A concert performer who also gives his time to master class sessions at many events including the Flanders International Film Festival, Yared is a warm and approachable individual whose film music ranks with the best.

British writer Andrew Davies, who usually can be relied upon to bring a fresh, new approach to familiar material (“Vanity Fair,” “Dr. Zhivago,” “Bleak House”) is strangely off form in the new version of E.M. Forster’s “A Room With a View.

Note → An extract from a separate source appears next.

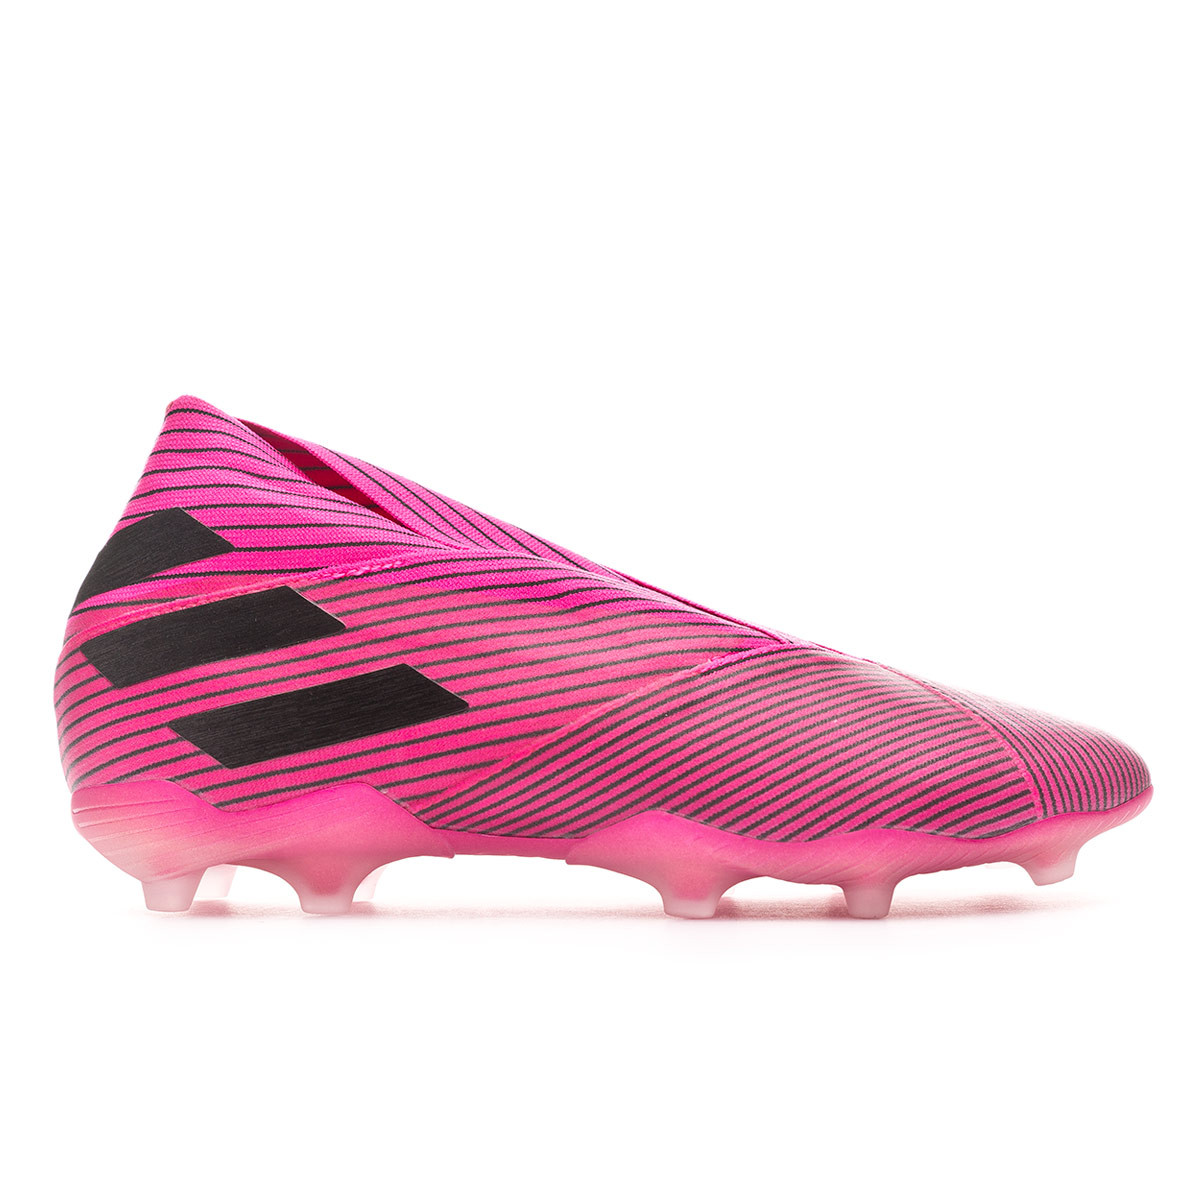 Bota de fútbol adidas Nemeziz 19+ FG Niño Shock pink-Core black-Shock pink  - Tienda de fútbol Fútbol Emotion

Elaine Cassidy and Rafe Spall (pictured) star with Laurence Fox, Sophie Thompson and Timothy Spall. It airs at 9 p.m. Sunday on ITV1 and is destined for PBS but it pales in comparison to the highly regarded Merchant-Ivory film from 1985 even though Davies has added bookends that place the love affair of Lucy Honeychurch in historical perspective.

Mischievously, Film4 will show James Ivory’s splendid film Sunday at 4:35 p.m. Helena Bonham Carter, Maggie Smith, Daniel Day-Lewis, Judi Dench, Julian Sands and Denholm Elliott are all terrific, and Richard Robbins’s music also is fine.

Robbins, who hails from Massachusetts, scored Merchant and Ivory films from “The Europeans” in 1979 through classics such as “Heat and Dust” (1983), “Howards End” (1992), and “The Remains of the Day” (1993) to “City of Your Final Destination,” which is due for release in 2008.